E. Desmond Lee Fine Arts Education Collaborative connects St. Louis students with local arts agencies

by | Aug 9, 2022

The Collaborative recently hosted its annual kickoff with nearly 30 fine arts partner organizations, plus teachers from 17 St. Louis-area school districts.
Des Lee kickoff 2022

The National Blues Museum is just one of the Des Lee Fine Arts Education Collaborative’s many partners in the St. Louis area. (Photos by Heather Riske)

From building a guitar amp to learning ballroom dancing to receiving a free piano, St. Louis-area students have plenty of unique ways to get engaged with the arts. And the E. Desmond Lee Fine Arts Education Collaborative wants to make sure both students and educators are fully aware of those opportunities.

The Des Lee Fine Arts Education Collaborative is dedicated to enhancing the quality, influence, attitudes and accessibility of fine arts by connecting educators, artists and performers with students in the St. Louis area, with a special emphasis on underserved populations. In addition to providing educational fine arts programs, concerts, clinics, master classes and other educational experiences for participating schools and providing support for music and fine arts educators, the Collaborative aims to increase and enhance arts education programming for an ethnically and culturally diverse population where most students qualify for free and reduced-cost meals.

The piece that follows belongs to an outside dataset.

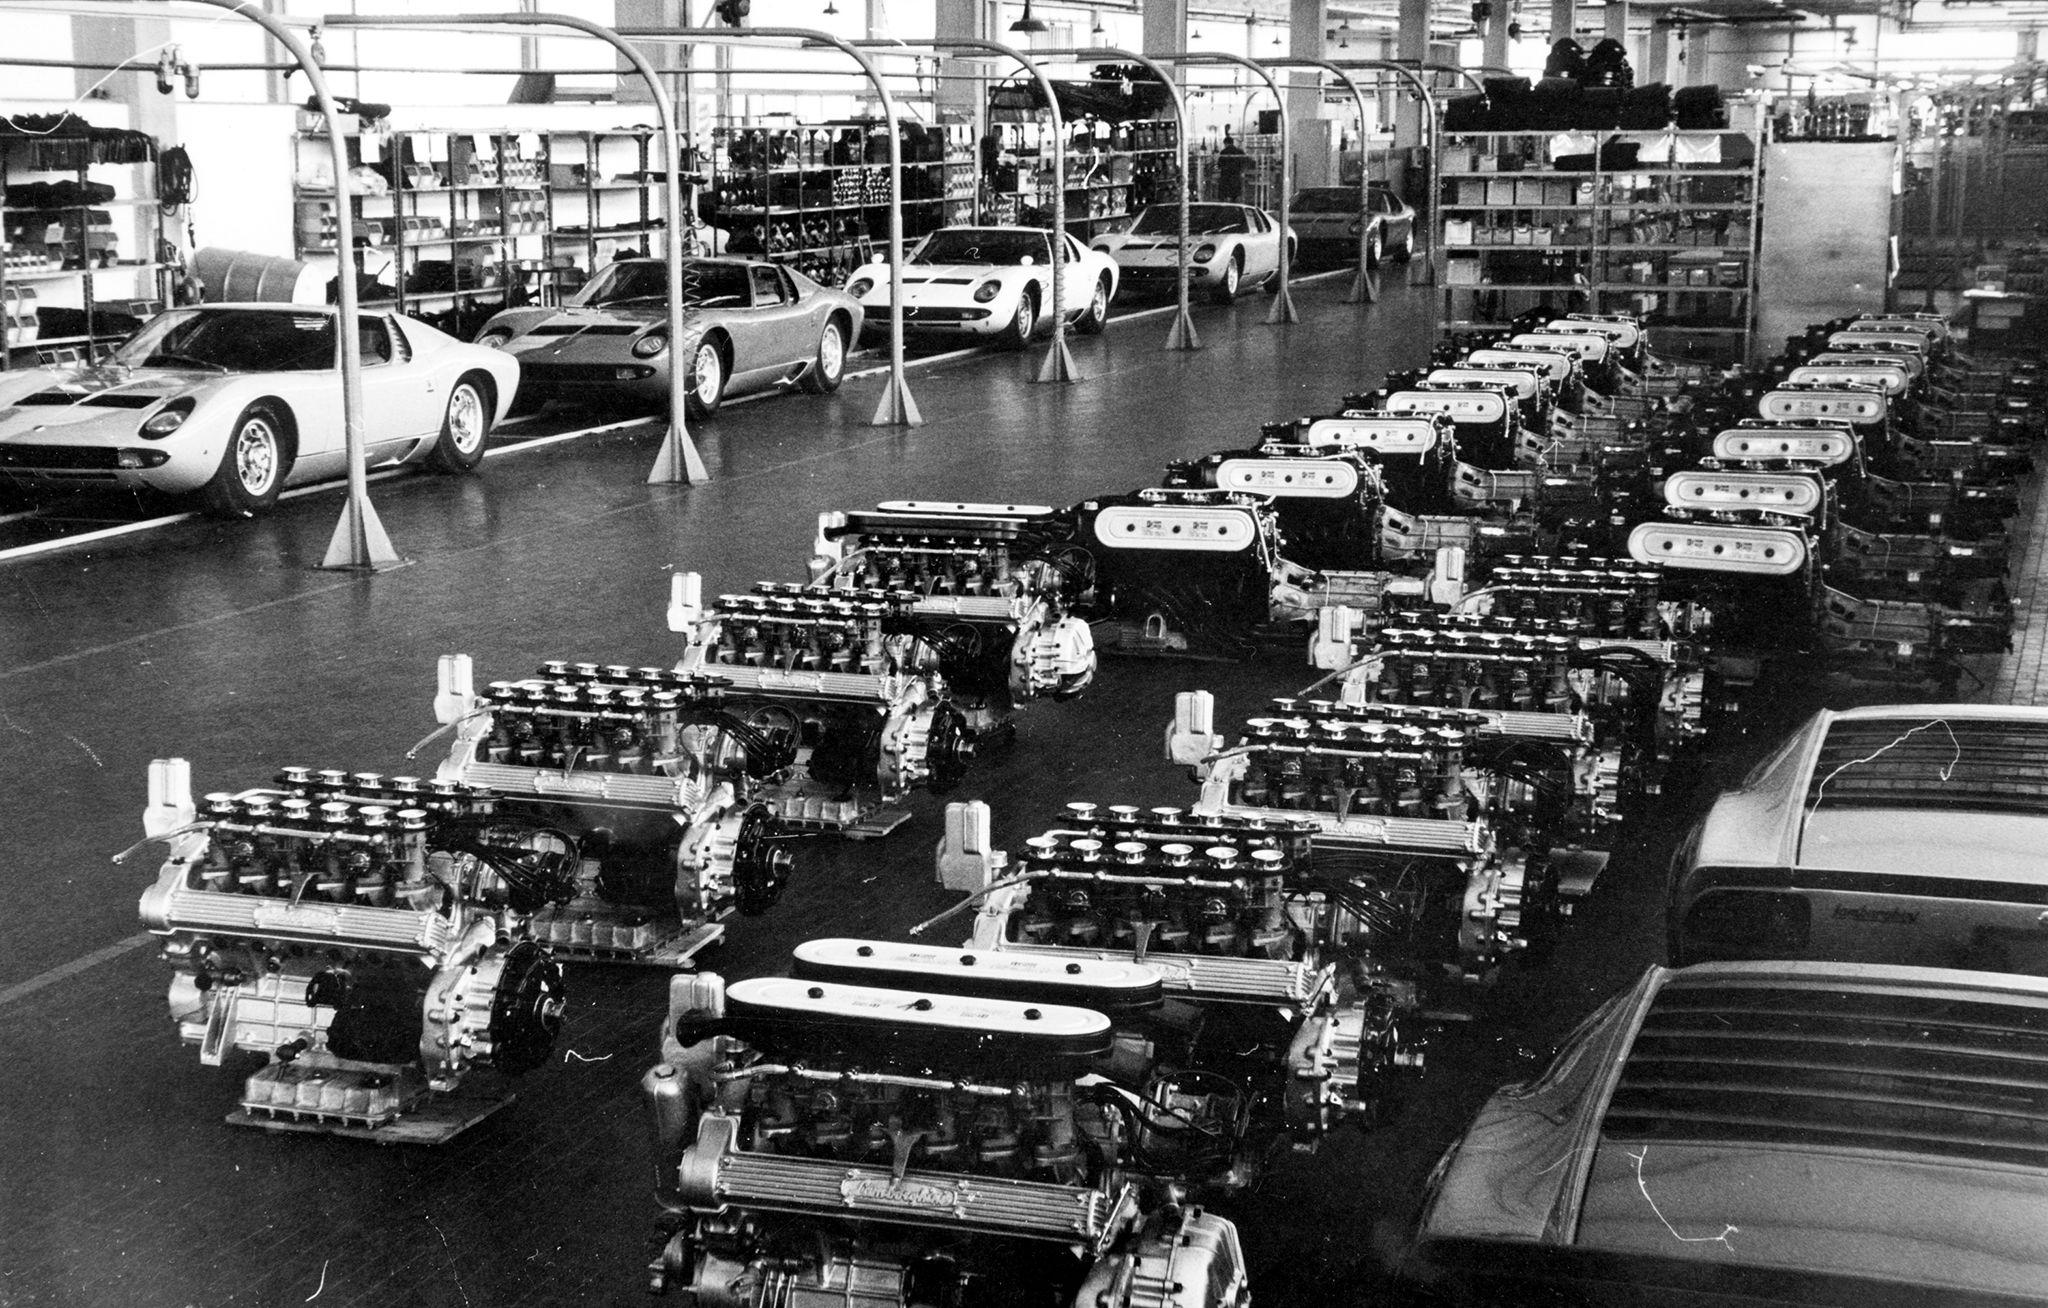 Automobili Lamborghini Factory and Production Turn 60

And for the first time in two years, the Collaborative was able to host its annual kickoff for the new school year in person. Last week, nearly 30 Des Lee fine arts partner organizations, along with teachers from 17 St. Louis-area school districts, gathered at The Sheldon Concert Hall and Art Galleries Ballroom in Midtown to learn about opportunities for area students and teachers over the next year.

After greeting guests and sharing a few words about the Collaborative’s mission, Michael V. Smith, the E. Desmond Lee Endowed Professor of Music Education at the University of Missouri–St. Louis, turned the floor over to the arts organizations that make up the Collaborative. Representatives from partner organizations such as The Bach Society of St. Louis, Girl Conductor and The St. Louis Children’s Choirs each shared an elevator pitch about their organization, including specific opportunities they offer to immerse students in the arts.

While the pandemic and subsequent switch to virtual learning posed a unique challenge for music and arts education, many of these organizations were able to adapt quickly with virtual programming for students. The Fox Performing Arts Charitable Foundation, for instance, conducted its Broadway Master Classes – including one with Tony nominee Taylor Louderman –  virtually, while Opera Theatre of Saint Louis continues to offer both in-person and virtual programming, such as “Opera on the GO!”.

Of course, many educators and arts representatives celebrated a return to the classroom. Jessica Ingraham, director of education at the St. Louis Symphony Orchestra, expressed a desire to work alongside teachers to get students excited about music, adding that the venerable organization will be bringing back in-school programming this year. The National Blues Museum is expanding its educational programs with the new Guitar St. Louis program, which specifically highlights Blues and African American contributions to music. The program will use STEAM-focused instruction to teach students how to play the guitar as well as how to build their own guitar and amp.

In addition to its two studios on Cherokee Street in South St. Louis and in Ferguson, Pianos for People offers St. Louis families, community organizations and schools the opportunity to apply for a free piano of their own. And St. Louis Dancing Classrooms aims to empower youth – primarily at the fifth-grade level – by teaching respectful interaction and promoting teamwork through the art of ballroom dancing.

Des Lee kickoff 2022

Kathy Lawton Brown, on-air host of Classic 107.3, and Michael V. Smith, the E. Desmond Lee Endowed Professor of Music Education at UMSL.

As the microphone was passed around the room to representatives from some of St. Louis’ biggest and brightest arts organizations, the impact of the Des Lee Fine Arts Education Collaborative quickly came into focus. Kathy Lawton Brown, on-air host of Classic 107.3, the Collaborative’s newest partner, urged educators in the audience to capitalize on the unique opportunities it affords.

“Take advantage of these incredible opportunities,” she said. “Every one of these presenters is here for you and your students to help them thrive. It’s a tremendous opportunity and a unique one. Take advantage of it.”